Now we are going to convert the 1,00,000 original image into dataset as we did in training dataset processing.After Load the model and dataset then predict the dataset and store it as numpy array file.

import h5py
hdf5_path = u'/content/drive/My Drive/originaldataset.hdf5'
hdf5_file = h5py.File(hdf5_path, "r")
X_pattern = hdf5_file.get('pattern_img').value
hdf5_file.close()
json_file = open('/content/drive/My Drive/patternmodelxceptioneludrop299.json')
loaded_model_json = json_file.read()
json_file.close()
loaded_model = model_from_json(loaded_model_json)
loaded_model.load_weights("/content/drive/My Drive/patternmodelxceptioneludrop299.h5")
loaded_model.compile(optimizer=Nadam(lr=0.00008), loss='binary_crossentropy',metrics=['accuracy'])
prediction = loaded_model.predict(X_pattern,batch_size=1,verbose=1)
np.save('/content/drive/My Drive/prediction_pattern.npy',prediction)

Now we can delete the nonpattern image using prediction_pattern.npy files.

Dont modify or delete the image in scraped image path, If you do means the prediction we will not work properly due to image path arranged order will change for example if deleted the first file of the image.prediction for second image is first image prediction So on. For saftely you can create separate array in hdf5 file to save the name and path of the file. So that before deleting you can verify the two image name and delete it.

Import the prediction_pattern.npy file

prediction_pattern = np.load('D:/aidelete/pattern/prediction_pattern.npy')

then load the path of mixed folder (pattern and nonpattern image)
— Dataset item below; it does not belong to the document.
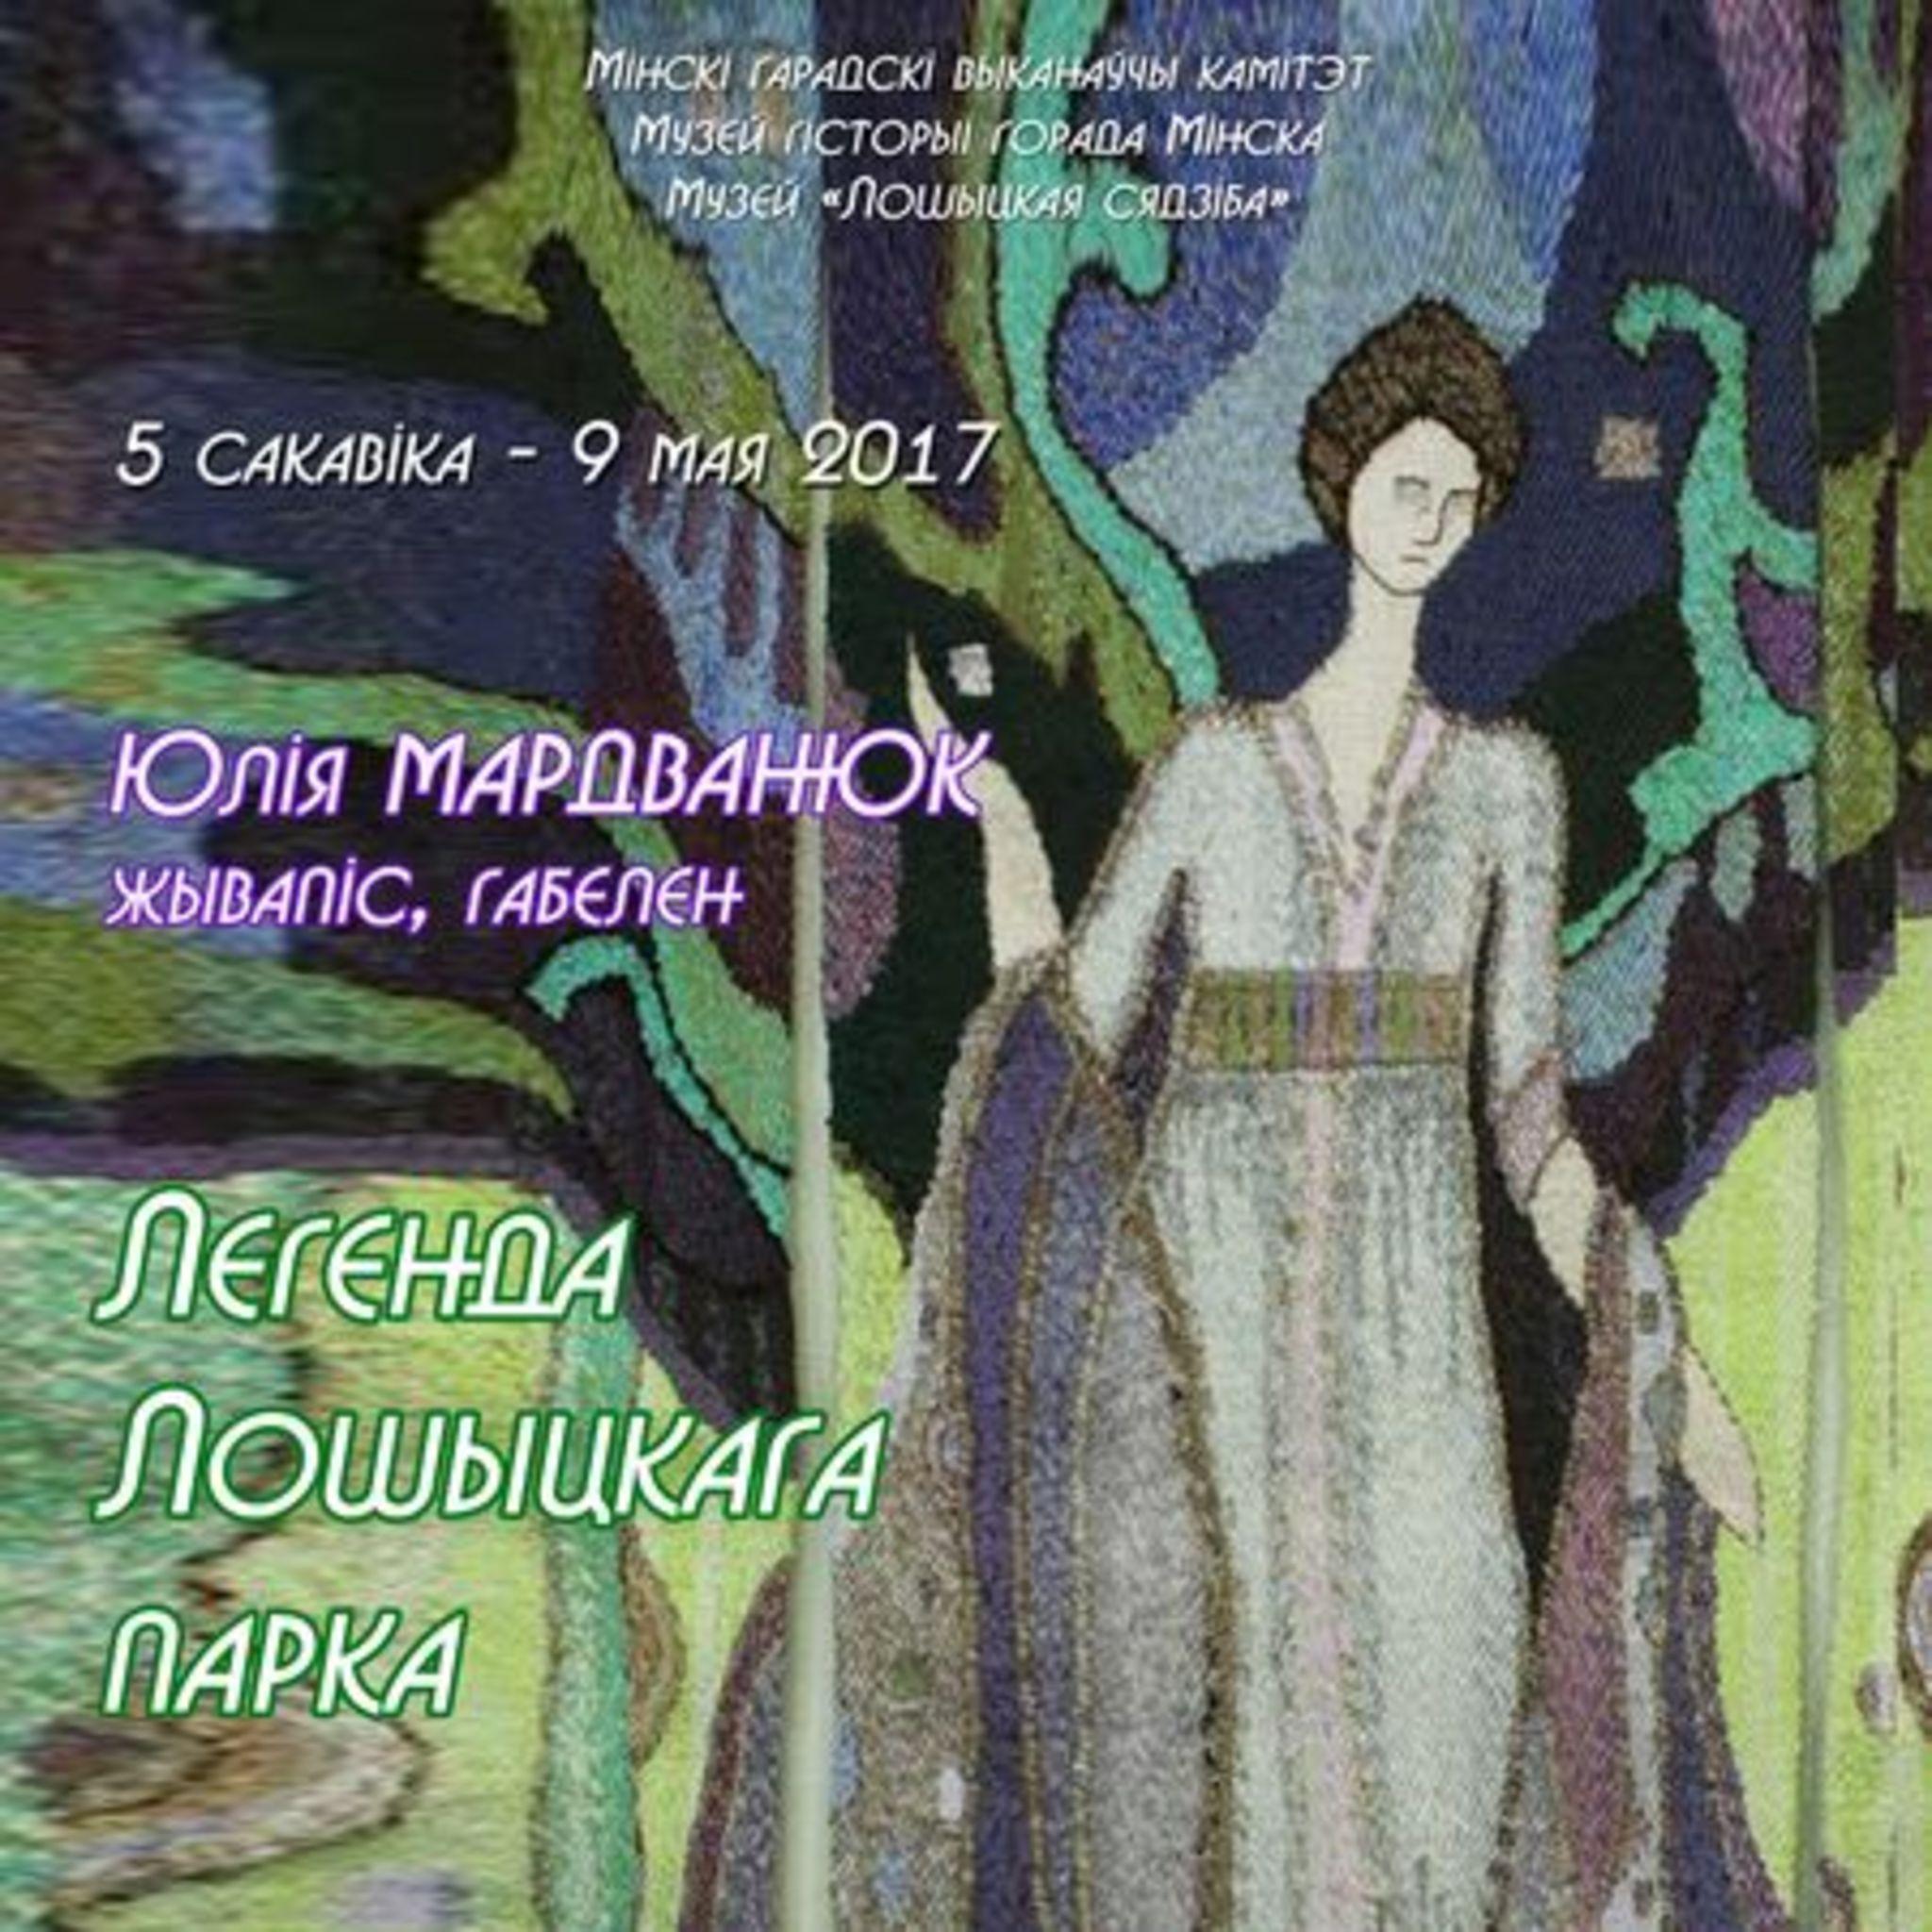 Выставка Юлии Мардванюк «Легенда Лошицкому парка»

path = list(glob.iglob(u'D:\\weddingcardsai\\pattern_scraped\\all\\*.*'))

Now delete the non pattern image using prediction file.

from tqdm import tqdm_notebook as tqdm
count = 0
for i in tqdm(range(len(path))):
if prediction_pattern[i][-1] < 0.6: #threshold
try:
os.remove(u'\\\\?\\'+path[i])
count +=1
except:
pass

I recommand you to set the threshold so high and run the code then check the folder whether it deleted all the pattern and take a backup. then decrease the threshold and again run the code, and take a backup Now check whether all the nonpattern image are deleted if little bit is not deleted by model.I recommand you to delete manually.If it also deleted the pattern image try to increase the threshold or create a proper training dataset image for training the model. Training dataset is very much important to avoid wrong predict and also check for overfitting using validation dataset if overfitting is occur use dropout to reduce the overfitting.

Due to company policy i cant show you the dataset. So that i cant show how i selected the training and test dataset.

In monogram all the process are same but i added extra predict, In pattern the model going to predict just whether the image is patter or not (0’s and 1’s).but in monogram the model going to predict the letter and also monogram or not.for example

Monogram
Not a Monogram

The monogram is combination of two letter, The letter tells initial letter of a two name of the person.

if a image contain more then two letter means it not a monogram.

why i am forcing the model to predict the letter because the model should learn pattern of the each letter.So that it will predict the complex monogram such as complex designed letter and also the model will know how many letter present in the image.More than two letter present means the model will predict the image has not a monogram.

In my case i trained the model one to three letter has monogram. More then three letter means it is not a monogram.But monogram is a two letter design only.

Here is the code link for monogram

Steps:

  • First create the training and validation dataset
  • then create the original dataset hdf5 file
  • Train the model with training and validation dataset
  • then test the trained model if it is not predicting well means try to change the training dataset and retrain it again.
  • Load the trained model and original dataset then predict the original dataset and store the predicted value has numpy file.
  • now delete the image using numpy file.

Thanks for reading my blog, I know it is not a clearly explained but i try to improve it.